A similar definition holds for when $Z = X + Y$ is continuous. Rather than summing over all the outcomes in which $X$ takes on certain values, we integrate:

\[ f_Z(z) = \int f_X(x) f_Y(z - x) \,dx \]

For a product of random variables $Z = XY$, we need to use $f_Y(z/x)$, and for a ratio of random variables $Z = X/Y$, we need to use $f_Y(zx)$. Note that, in each of these cases, the notations like $X + Y$, $XY$, and $X/Y$ refer to a new random variable and also give us a hint about how to compute its pdf.
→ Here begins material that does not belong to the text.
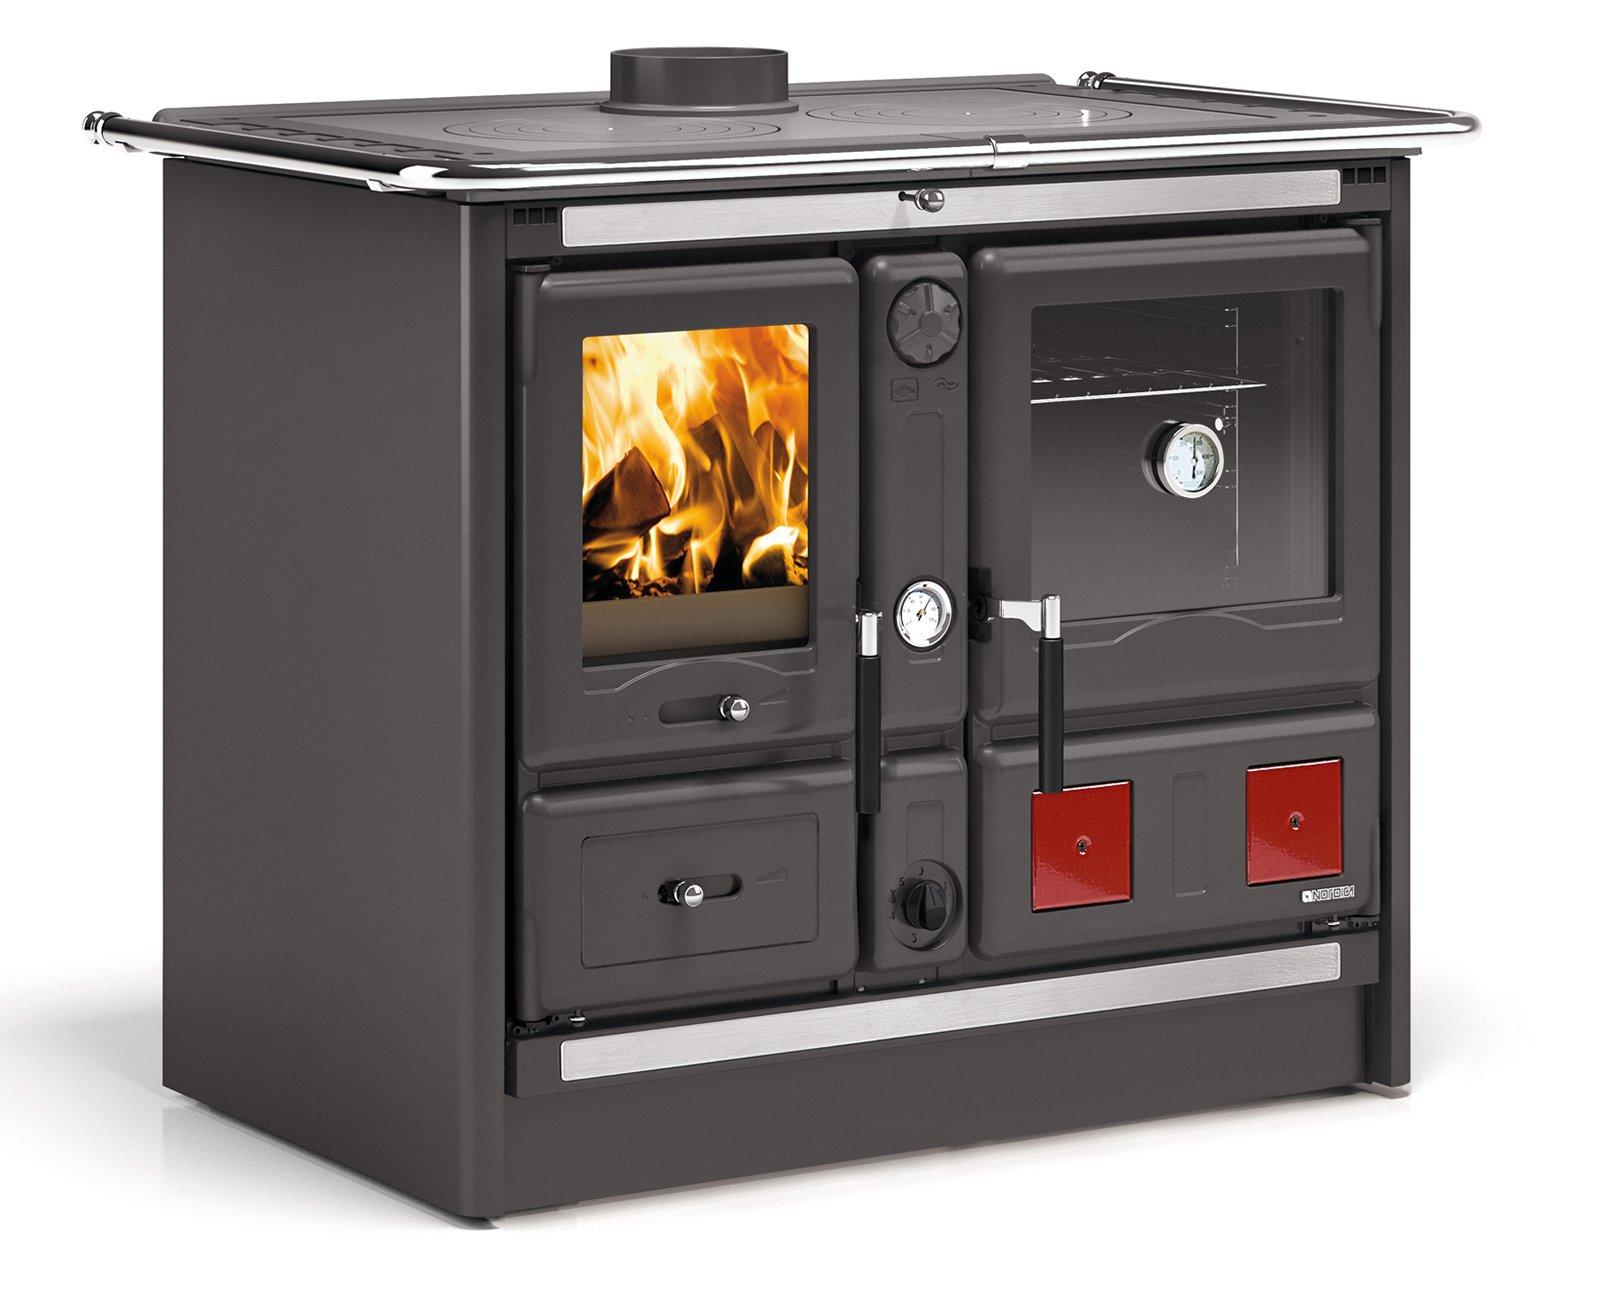 Cucine economiche a legna nordica prezzi decora la tua vita - Cucine a pellet prezzi ...

Don't expect the expected value¶

The expected value $\mathbb{E}[X]$ of a random variable $X$ is the probability-weighted average of the values it takes on. For a discrete random variable, you simply sum. For a continuous random variable, you need to integrate:

\[ \mathbb{E}[X] \equiv \begin{cases} \sum_i x_i f_X(x_i) & \text{ for discrete random variables} \\ \int x f_X(x) \,dx & \text{ for continuous random variables} \end{cases} \]

Thus, just like "maximum", "expected value" is a function that maps random variables to numbers:

\[ \mathbb{E} : \text{random variables} \to \mathbb{R} \]

I use square brackets with $\mathbb{E}$ to emphasize that this is a function that maps from something other than numbers.

The name "expected value" is misleading. We previously noted that, for continuous random variables, the probability of getting any particular number is essentially zero, so there's no particular number you should "expect". For discrete random variables, where there is finite probability of getting each particular number, the expected value actually need not be any of the values that $X$ maps to. In our coin flip example, the random variable $X$ measuring the number of heads flipped has expectation value:

\[ \mathbb{E}[X] = 0 \times \mathbb{P}[T] + 1 \times \mathbb{P}[H] = \tfrac{1}{2}. \]

You certainly don't ever expect to flip $0.5$ heads!

A better way to think of the expected value is as a measure of central position. There are of course multiple ways to quantify central position beyond the expected value, which is analogous to the mean or average. You can certainly map random variables to their medians and modes, but those mappings are substantially more complex and not as useful for our purposes.

Variance¶

If the expected value is a measure of central position, then variance $\mathbb{V}$ is the corresponding measurement of spread or scale. It is a function of random variables that returns a nonnegative number:

\[ \mathbb{V} : \text{random variables} \to [0, \infty). \]

For a random variable $X$, the variance is the expected value of the square of the deviation of the random variable from its own expected value:

\[ \mathbb{V}[X] \equiv \mathbb{E}[(X - \mathbb{E}[X])^2] \]

Because all those nested brackets are confusing, people often replace the notation $\mathbb{E}[X]$ with the notation $\mu$ so that the definition of variance reads $\mathbb{V}[X] = \mathbb{E}[(X - \mu)^2]$.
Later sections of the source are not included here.